FinReporting: An Agentic Workflow for Localized Reporting of Cross-Jurisdiction Financial Disclosures
Fan Zhang, Mingzi Song, Rania Elbadry, Yankai Chen, Shaobo Wang, Yixi Zhou, Xunwen Zheng, Yueru He, Yuyang Dai, Georgi Georgiev, Ayesha Gull, Muhammad Usman Safder, Fan Wu, Liyuan Meng, Fengxian Ji, Junning Zhao, Xueqing Peng, Jimin Huang, Yu Chen, Xue (Steve) Liu, Preslav Nakov

TL;DR
FinReporting introduces an agentic workflow utilizing Large Language Models to improve the accuracy and consistency of cross-jurisdiction financial disclosures by constructing a unified ontology and employing constrained verification.
Contribution
The paper presents a novel system that constructs a canonical ontology and employs LLMs as constrained verifiers for localized cross-jurisdiction financial reporting.
Findings
Improved consistency in financial disclosures across US, Japan, and China.
Enhanced reliability of reporting under heterogeneous regimes.
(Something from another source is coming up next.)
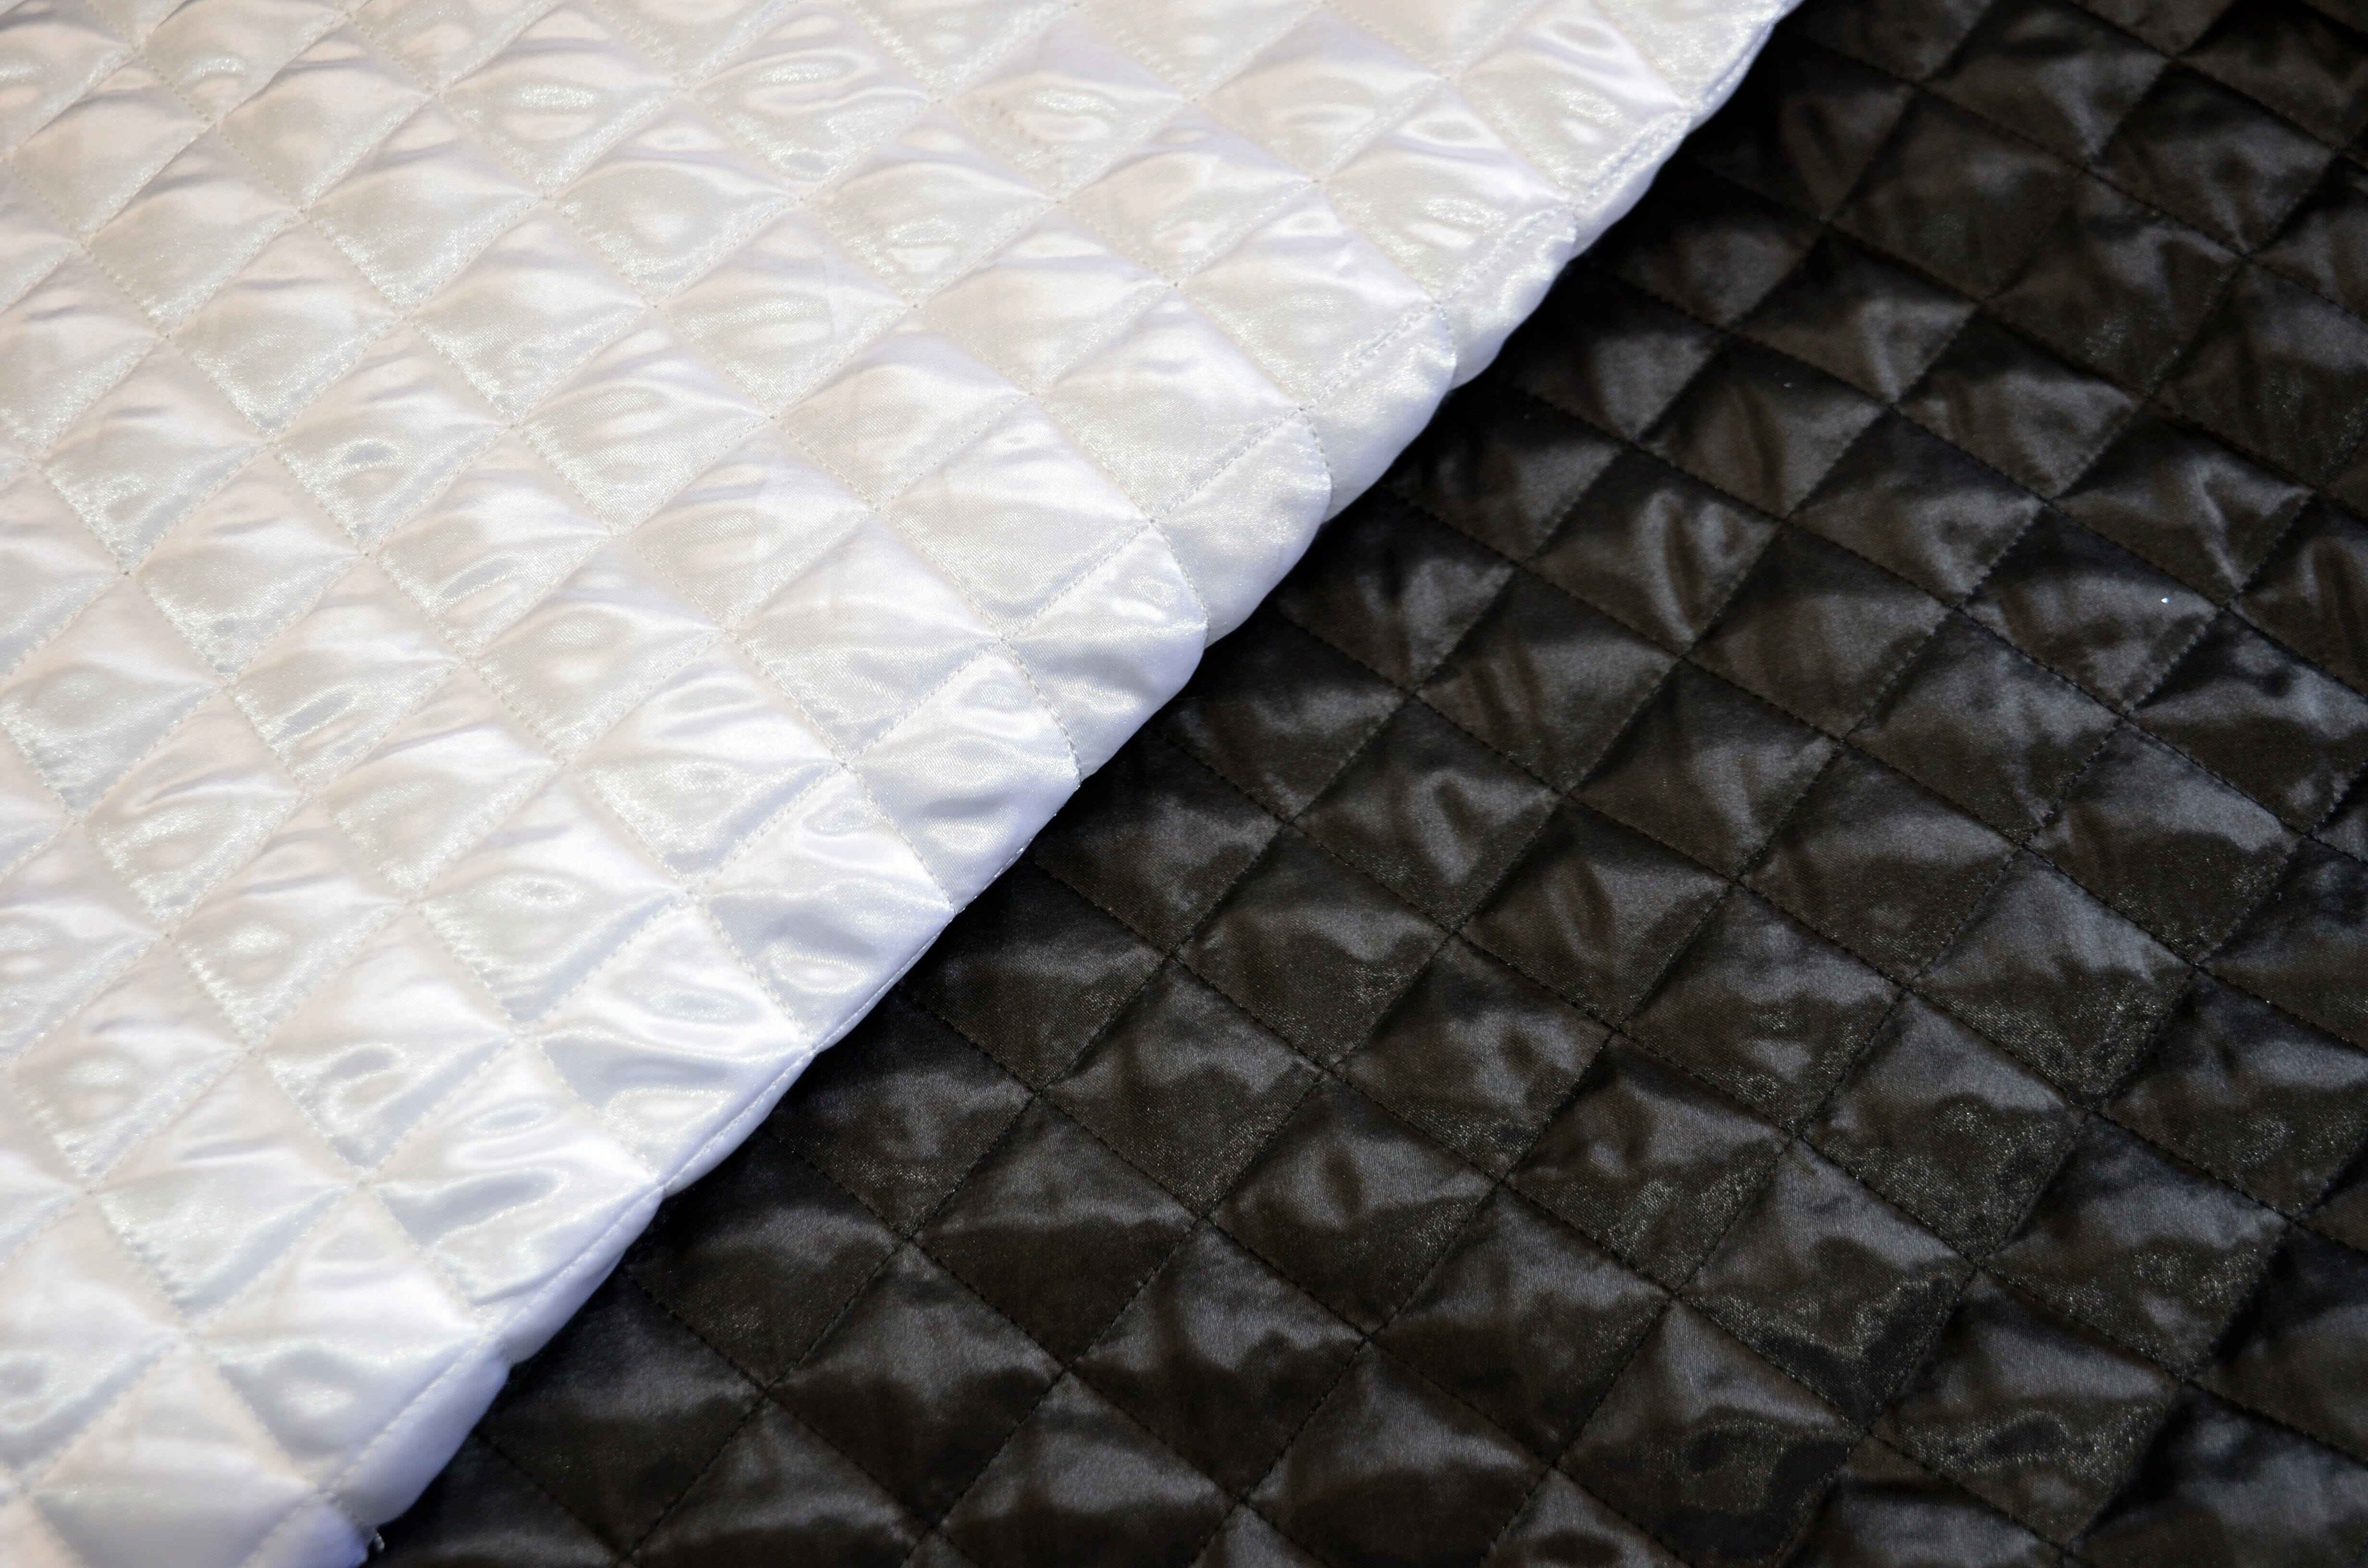 Teal Diamond Double Faced Quilted Fabric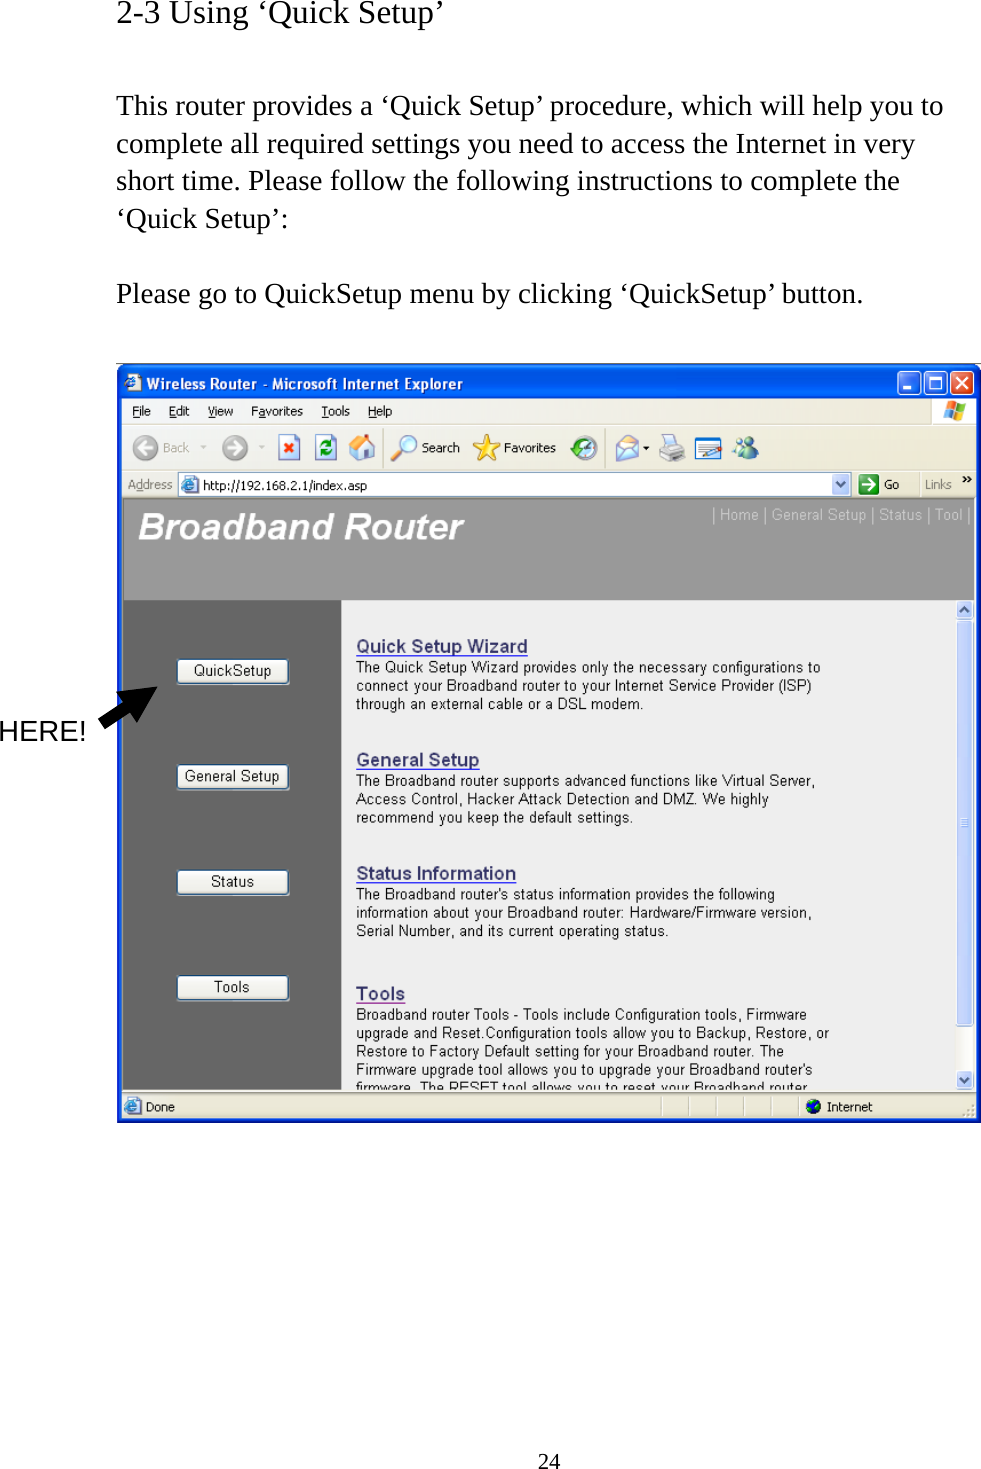 24 2-3 Using ‘Quick Setup’  This router provides a ‘Quick Setup’ procedure, which will help you to complete all required settings you need to access the Internet in very short time. Please follow the following instructions to complete the ‘Quick Setup’:  Please go to QuickSetup menu by clicking ‘QuickSetup’ button.         HERE!

Provides an interactive demo for cross-market financial statement inspection.
Abstract
Financial reporting systems increasingly leverage Large Language Models (LLMs) to extract and summarize corporate disclosures. However, most existing approaches assume a single-market setting and overlook structural differences across jurisdictions. Variations in accounting taxonomies, tagging infrastructures (e.g., XBRL vs.\ PDF), and aggregation conventions introduce substantial challenges for semantic alignment and reliable verification. Here, we aim to bridge this gap. We present FinReporting, an agentic workflow for localized cross-jurisdiction financial reporting. The system constructs a unified canonical ontology spanning the income statement, balance sheet, and cash flow statement, and decomposes reporting into auditable stages, including filing acquisition, extraction, canonical mapping, and anomaly logging. Rather than treating LLMs as free-form generators, FinReporting…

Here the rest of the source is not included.